Mas é preciso enfrentar o fio da enxada. Se temos um
sentimento queremos mostrá-lo ao mundo. Queremos expô-lo par a que todos saibam
que somos capazes. Que somos bons o suficiente para sentir, e para conferir
importância a um outro. E que somos corajosos o suficiente para lutar por ele.

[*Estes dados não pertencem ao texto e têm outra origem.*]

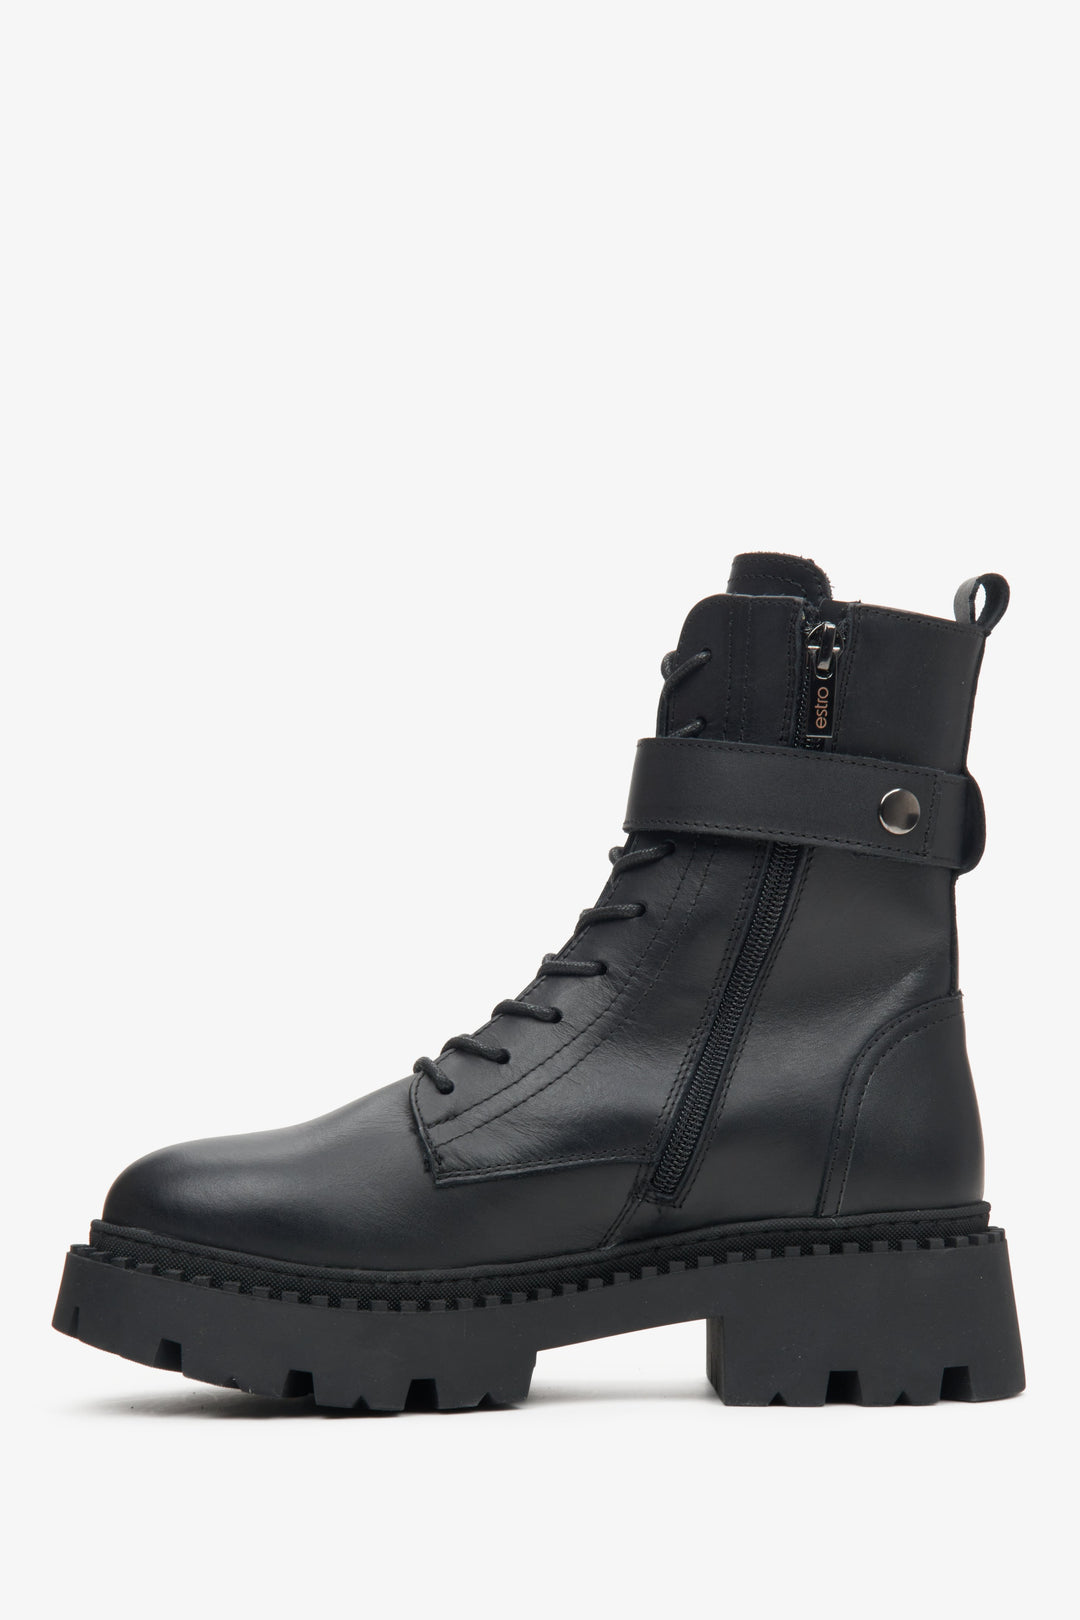 Women's leather black winter boots with insulation and a decorative strap - shoe profile.

Que somos fortes o bastante para cavar
no outro a certeza do amor correspondido. Que somos sensíveis ao tentar imprimir
na essência dele a nossa própria essência. E que somos frágeis enquanto portadores
dessa emoção. Que vamos nos quebrar, que vamos nos derreter em todas as
tentativas de alcançar essa essência. E se não conseguimos, se o outro não nos
reconhece, se não aceita esse cargo de importante para nós que lhes conferimos,
a dor que advêm é a maior desse mundo.
Existe uma emoção tão grande
quanto, que é a de ser mãe. O ser mãe é um pedaço da gente que sai para fora,
para o mundo. Mas o amor que dedicamos a um outro, esse sentimento que nos
coloca no mundo do outro, isso é querer um outro de fora para dentro. É fazer
do outro parte de nós. É quando a gente ama tanto que deseja aquele alguém
dentro da gente. Acredito que essa doação é ainda maior. Um filho sai para o
mundo e vai criar outro mundo com um alguém.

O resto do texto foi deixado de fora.